Then apply the override file:

$ system helm-override-update intel-device-plugins-operator intel-device-plugins-dsa intel-device-plugins-operator --values dsa-override.yml

Apply the intel-device-plugins-operator application.

$ system application-apply intel-device-plugins-operator

Console Session Issues during Installation ¶

After bootstrap and before unlocking the controller, if the console session times out (or the user logs out), systemd does not work properly. fm, sysinv and mtcAgent do not initialize.

Procedural Changes: If the console times out or the user logs out between bootstrap and unlock of controller-0, then, to recover from this issue, you must re-install the ISO.
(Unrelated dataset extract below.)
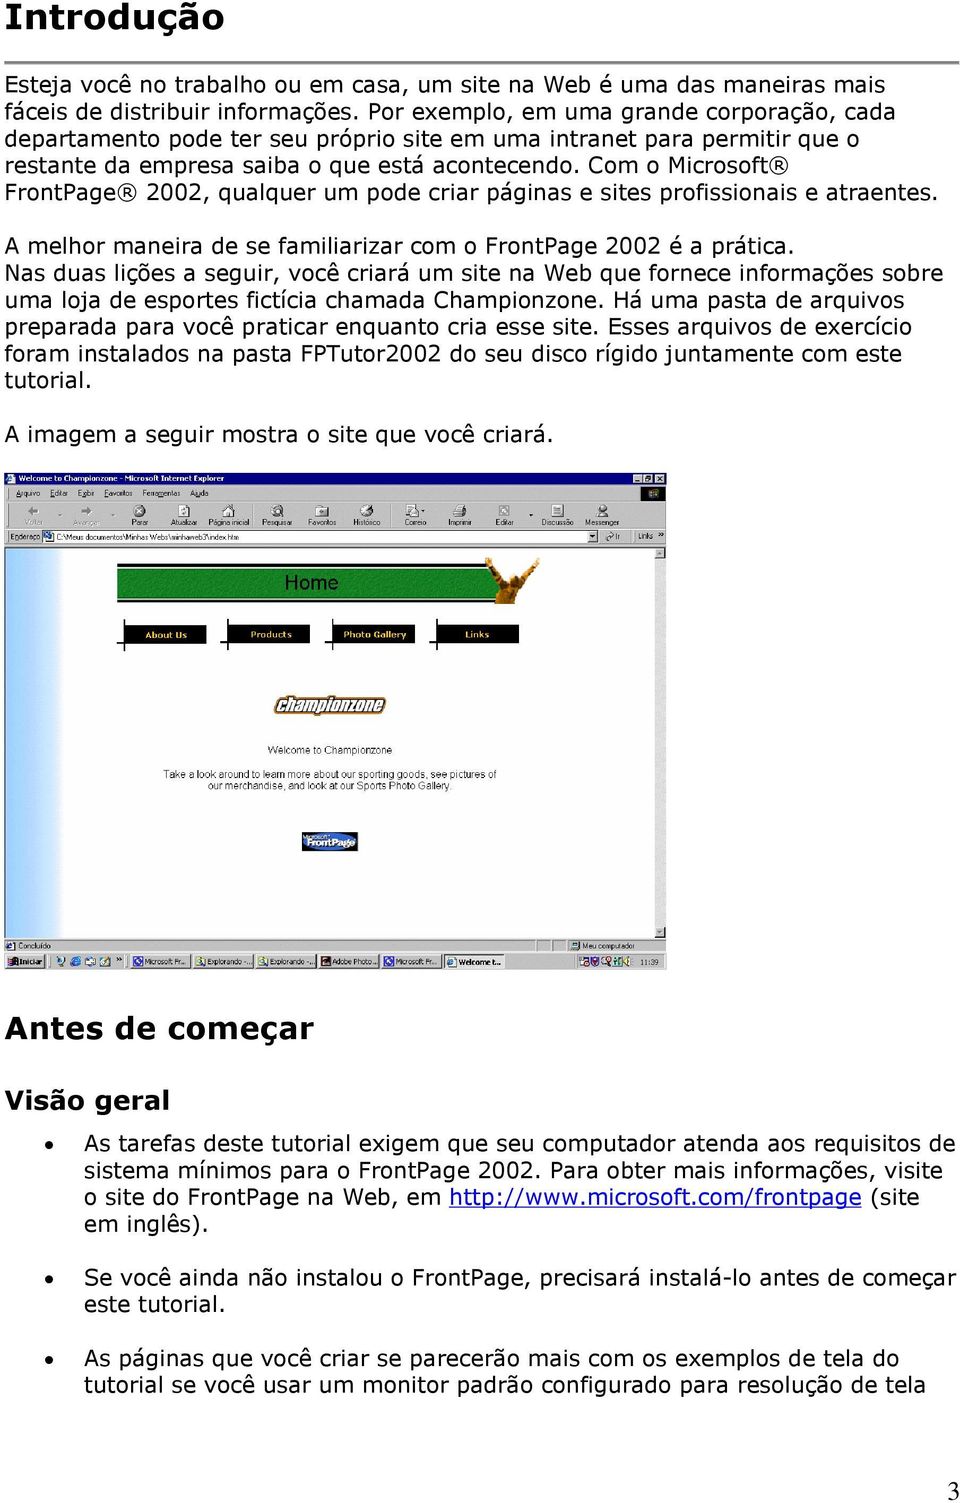 Com o Microsoft FrontPage 2002, qualquer um pode criar páginas e sites profissionais e atraentes. A melhor maneira de se familiarizar com o FrontPage 2002 é a prática.
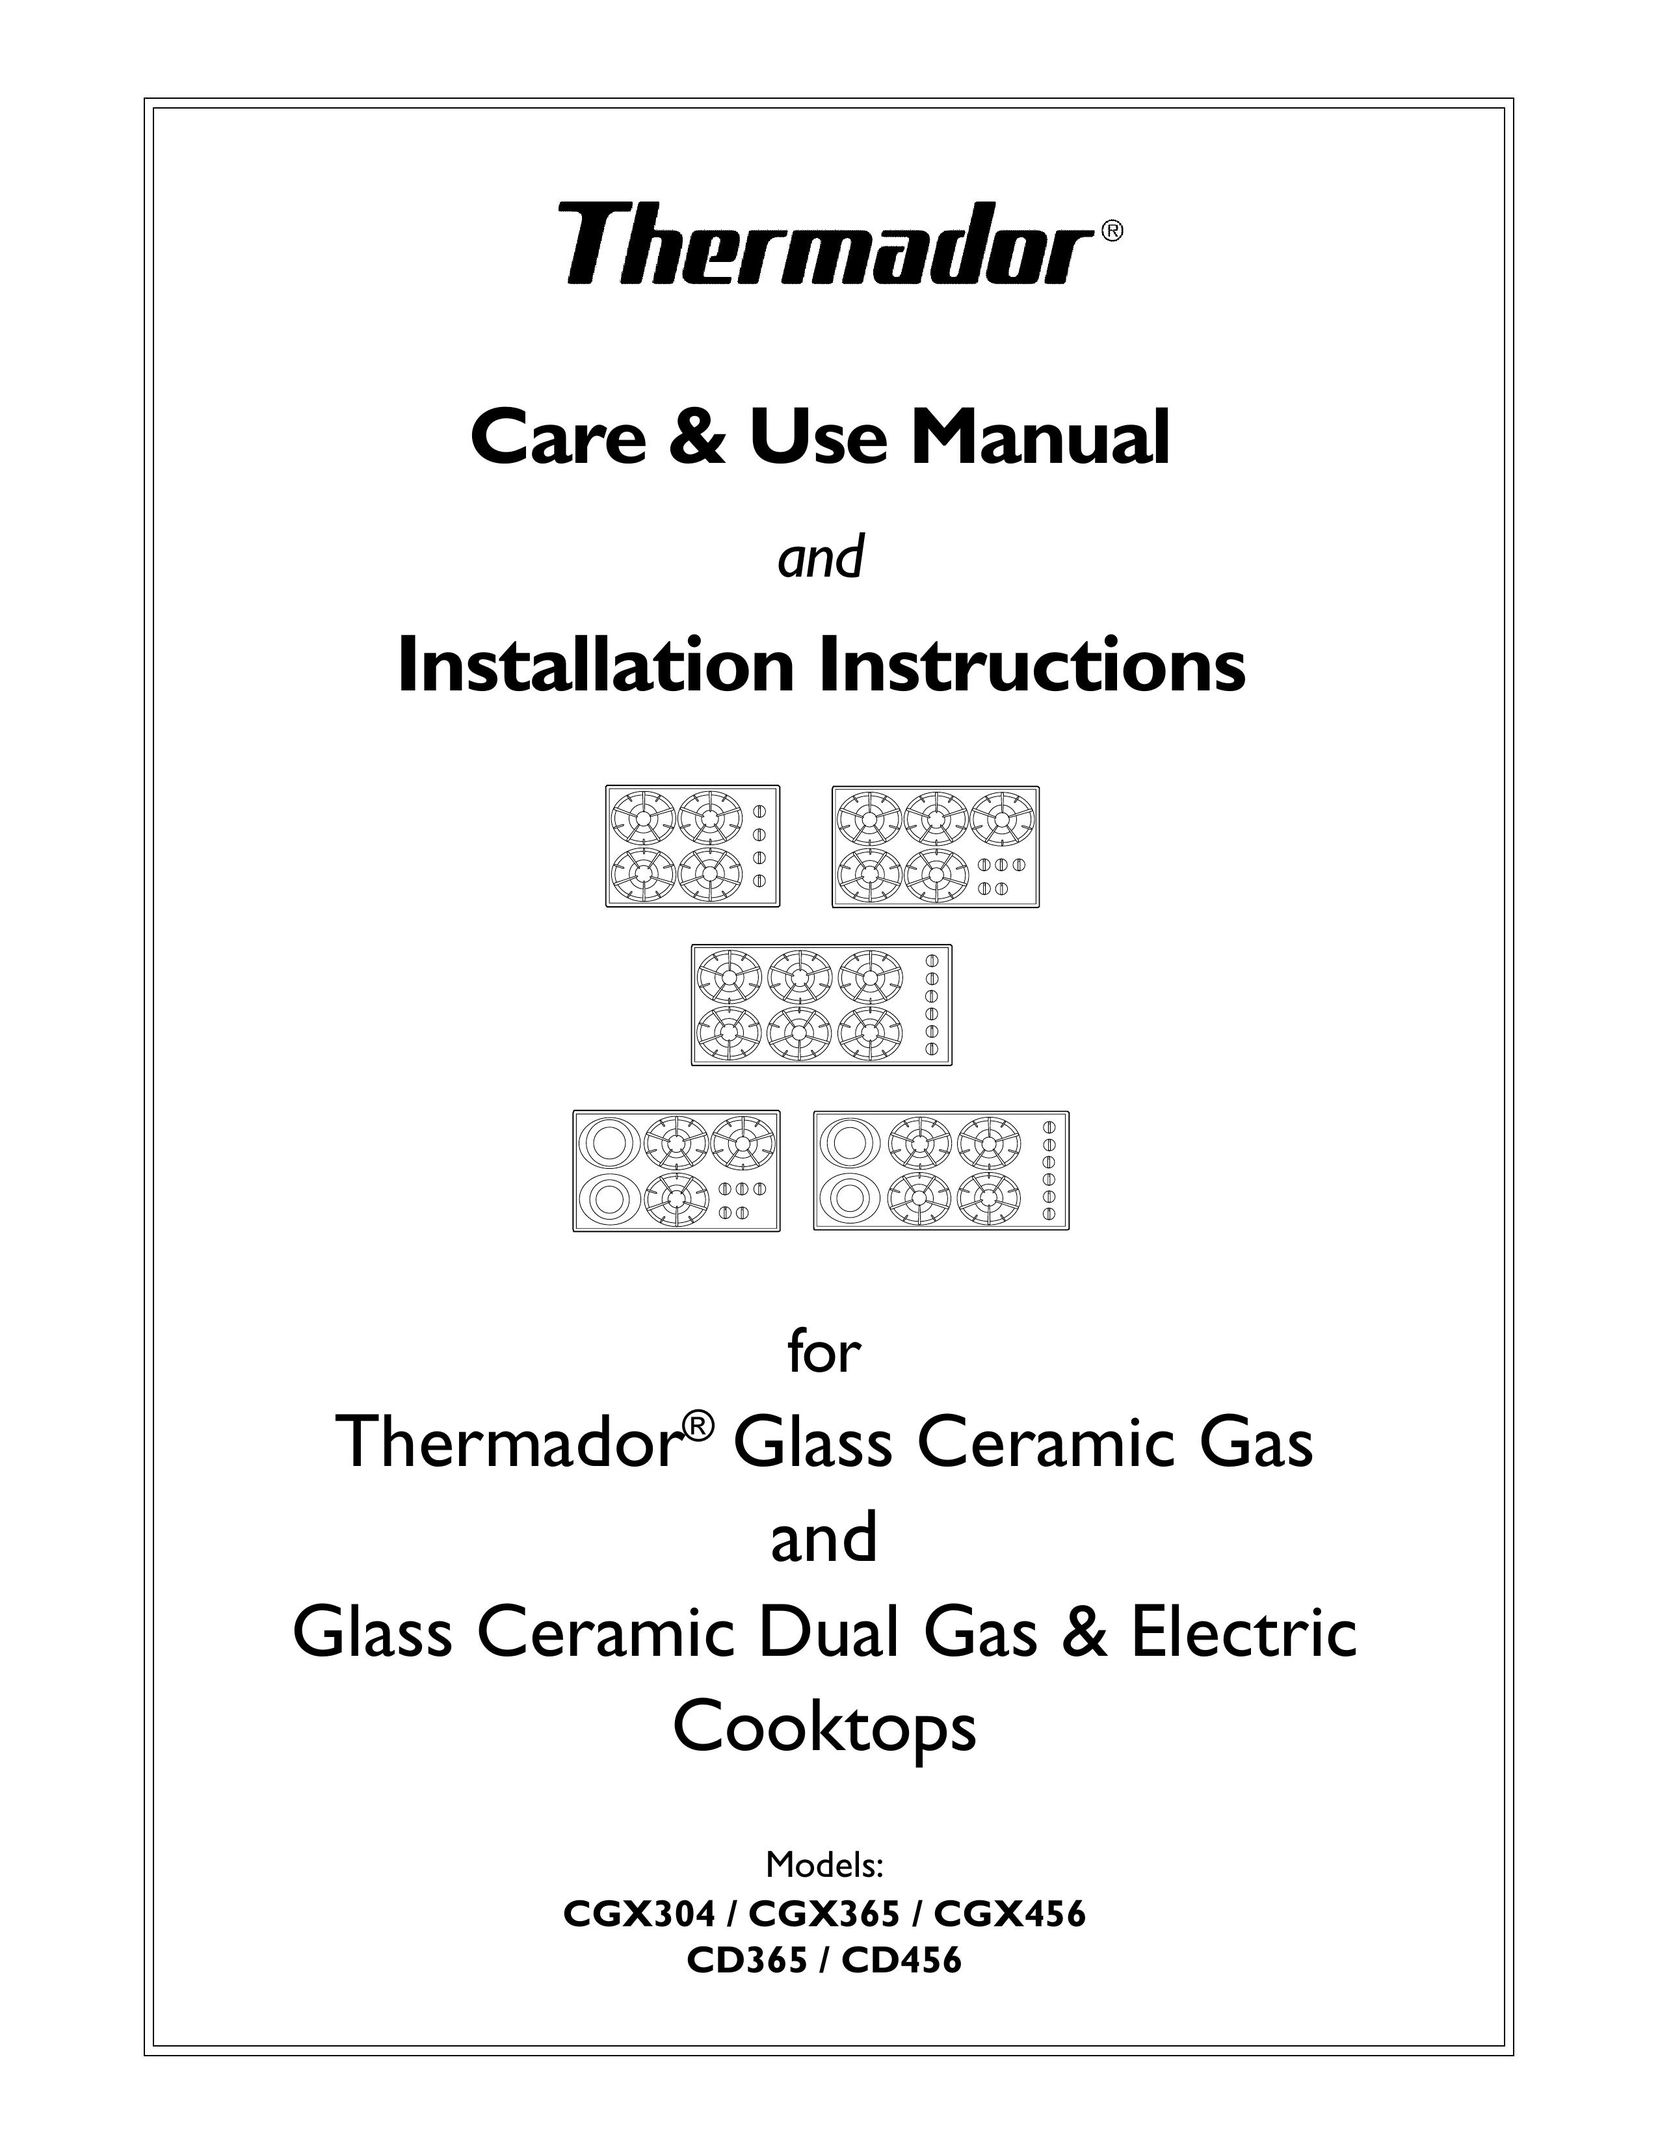 Thermador CGX365 Cooktop User Manual

Power Metrics Application in Real Time Kernels ¶

When executing Power Metrics application in Real Time kernels, the overall scheduling latency may increase due to inter-core interruptions caused by the MSR (Model-specific Registers) reading.

Due to intensive workloads the kernel may not be able to handle the MSR reading interruptions resulting in stalling data collection due to not being scheduled on the affected core.

Storage Limitations¶

Limitations of the Rook Ceph Application During Upgrade from Version 1.13 on AIO-DX ¶

During the upgrade from v1.13 to v1.16 on a AIO-DX platform, mon quorum may be temporarily disrupted for a few minutes. Once the upgrade completes, all monitors are expected to come back online and quorum should re-establish successfully.

Procedural Changes: N/A.

Rook Ceph Application Limitation During Floating Monitor Removal ¶

On a AIO-DX system, removing the floating monitor using “system controllerfs-modify ceph-float –functions=”” may lead to temporary system instability, including the possibility of uncontrolled swacts.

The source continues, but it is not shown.